- _Task objective_: Copy out exactly the stretch below, from the line with "Love Pub & Grub - Sat 24 July - Flyer back" through the line with "A l'entrée de Garuda.", both included; the pictures stay out.

- _Data for the task_:
────────────────────

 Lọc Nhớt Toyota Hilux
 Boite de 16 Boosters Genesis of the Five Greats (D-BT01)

────────────────────

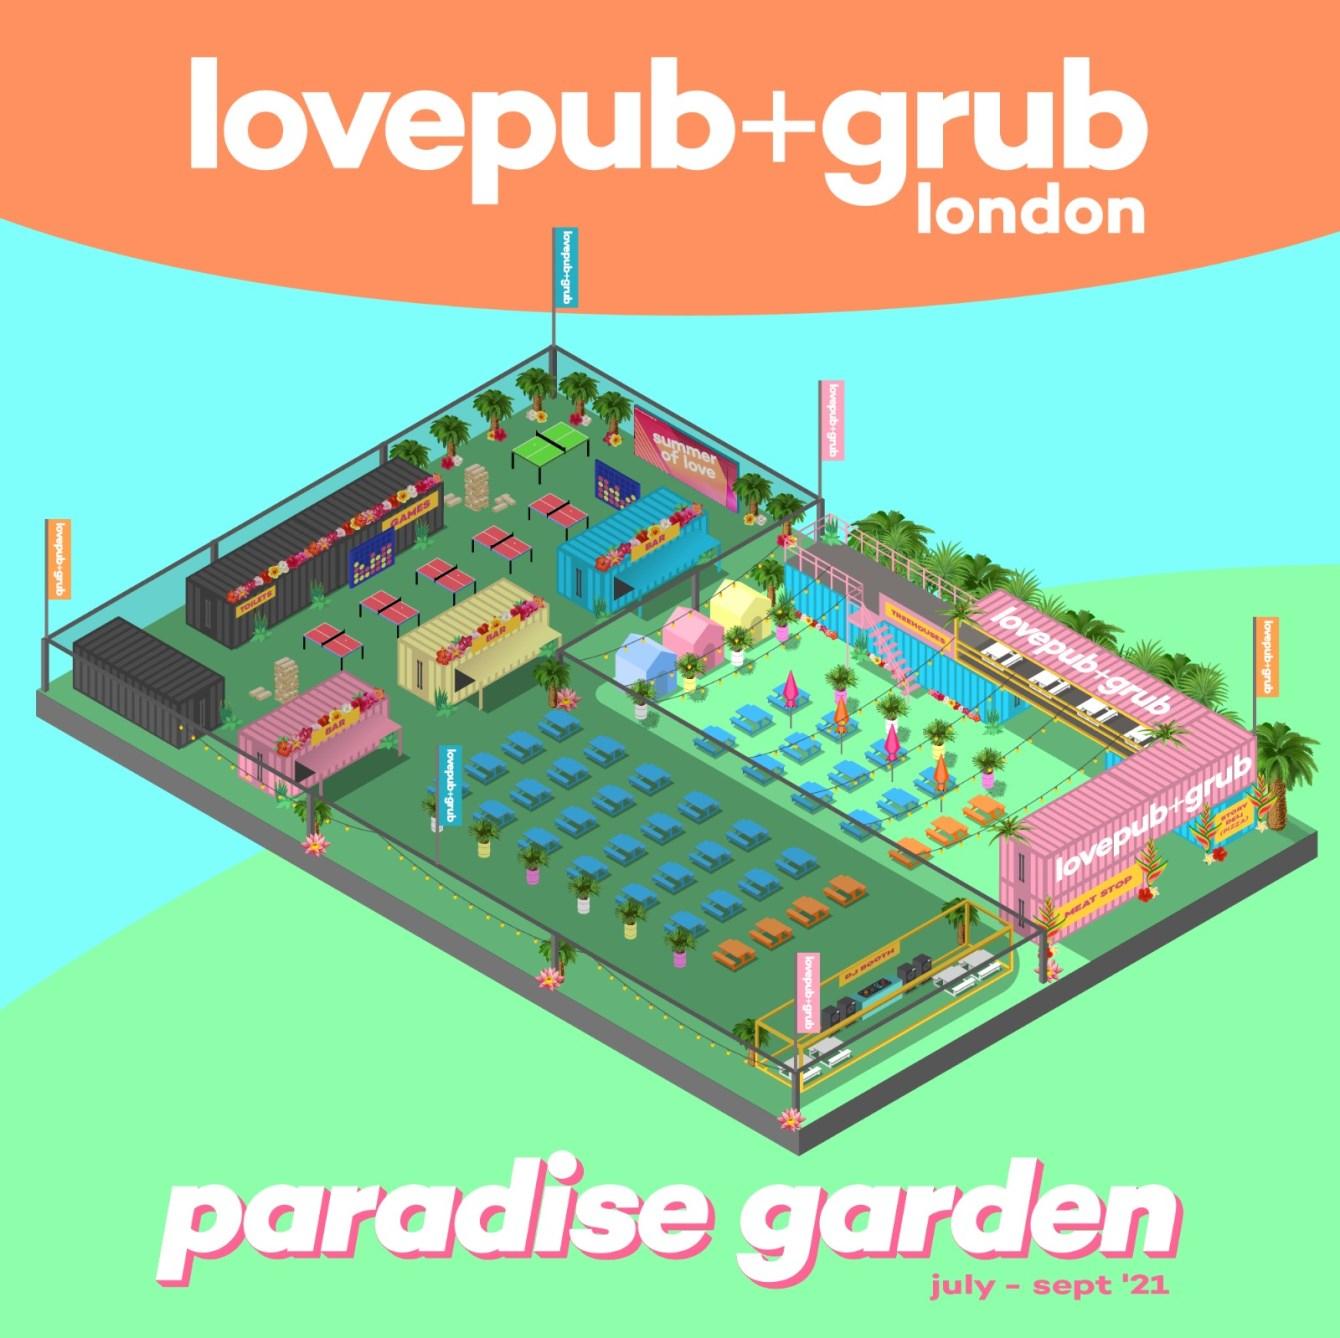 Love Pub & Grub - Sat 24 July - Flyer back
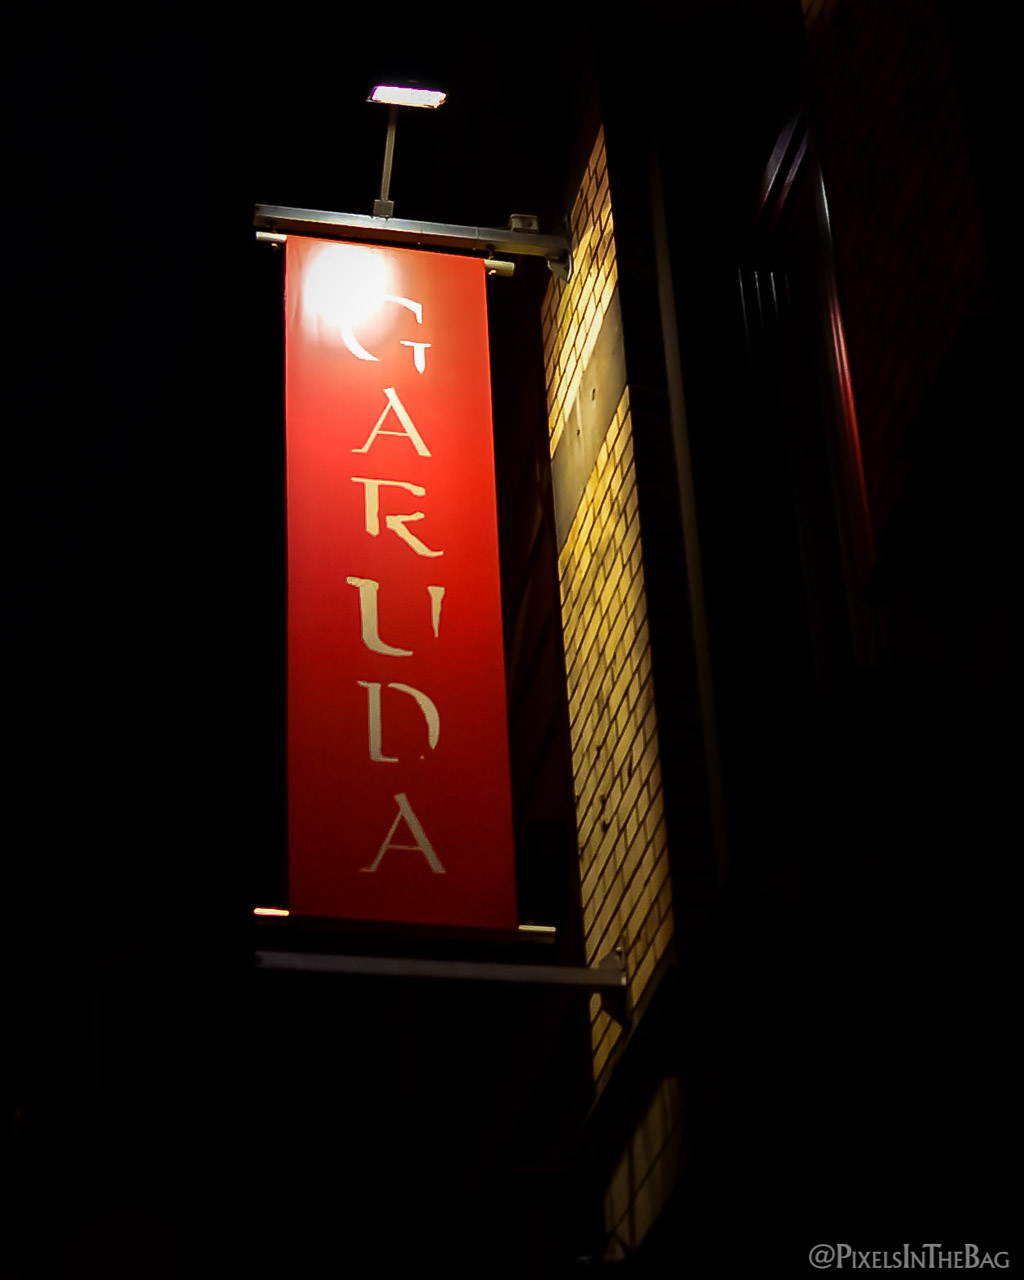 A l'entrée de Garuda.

────────────────────

- _Exercise result_:
 Love Pub & Grub - Sat 24 July - Flyer back
 A l'entrée de Garuda.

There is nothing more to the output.